Route information
- Maintained by NHAI
- Length: 298 km (185 mi)
- Status: Proposed / Under Survey

Major junctions
- West end: Mucherla (Future City), Hyderabad
- East end: Amaravati / Machilipatnam

Location
- Country: India
- States: Telangana, Andhra Pradesh

Highway system
- Roads in India; Expressways; National; State; Asian;

= Hyderabad–Amaravati Greenfield Expressway =

Proposed expressway in India

The Hyderabad–Amaravati Greenfield Expressway is a proposed 298 km, six-lane, access-controlled highway connecting the capital cities of Telangana and Andhra Pradesh. The project is designed as a "straight-line" greenfield corridor to reduce travel time between the two cities to approximately 2.5 hours.

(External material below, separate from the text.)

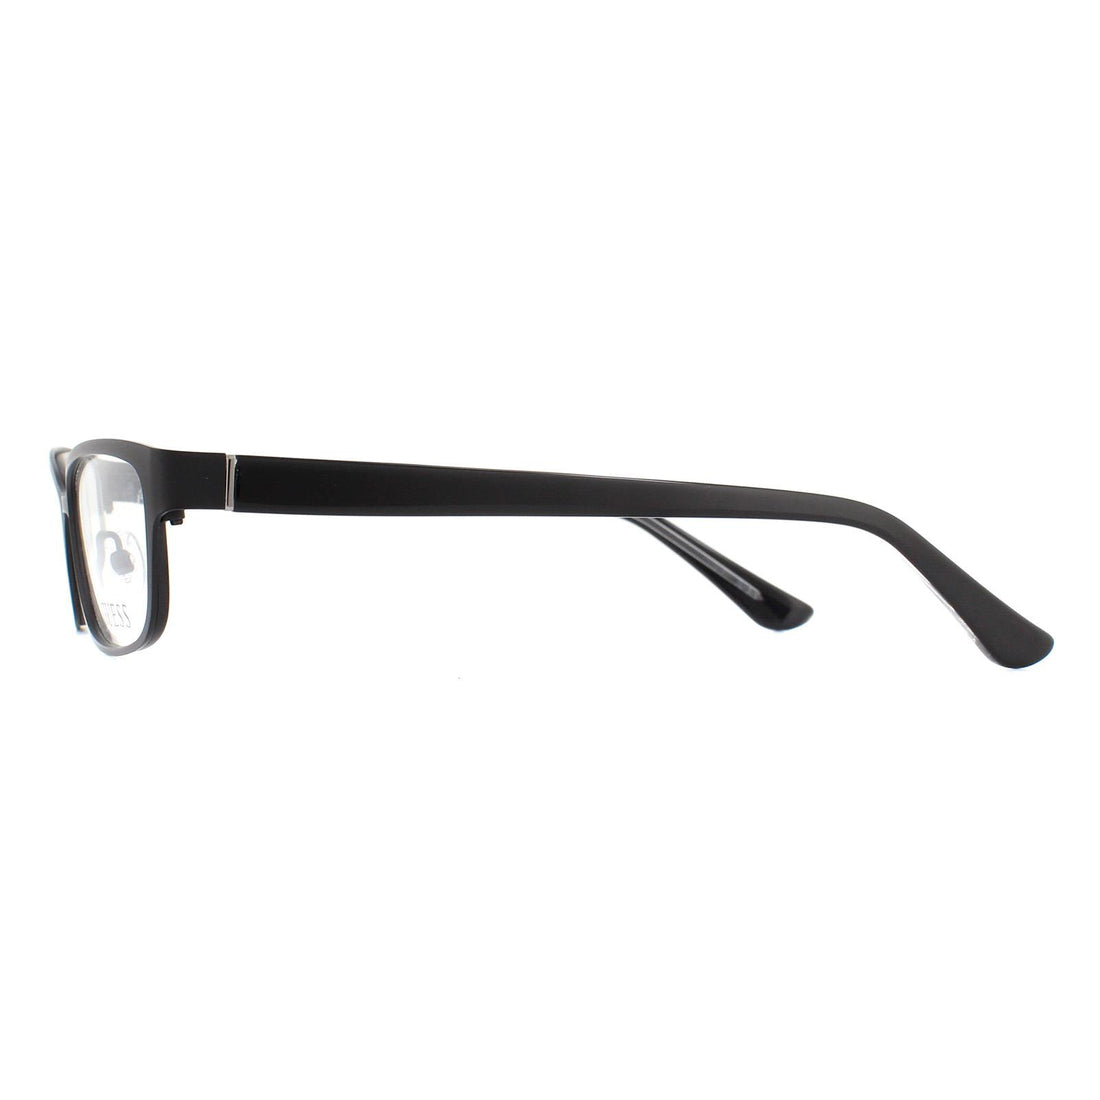 Guess Glasses Frames GU2515 002 Grey

The expressway originates near Tippareddypalli in Mucherla (Future City) and follows a new alignment that bypasses the congested NH-65. It passes through the following districts:
- Telangana (118 km): Ranga Reddy district, Nalgonda district (passing through the Miryalaguda region), and Suryapet district.
- Andhra Pradesh (180 km): Palnadu district (Sattenapalli), Guntur district, Amaravati, and extends to Machilipatnam (Bandar Port).

A semi-high-speed rail corridor is planned to run parallel to the expressway, aiming to reduce travel time between Hyderabad and Amaravati to 1.5 hours. Following a request from the Telangana government, the South Central Railway (SCR) revised the alignment to follow this greenfield path. This shift officially identifies Miryalaguda as a key station on the route, replacing the previous alignment that passed further north through Suryapet.

As of early 2026, the National Highways Authority of India (NHAI) is finalizing the detailed project report. The central government has committed to funding the project, estimated at ₹25,000 crore, which includes total land acquisition costs.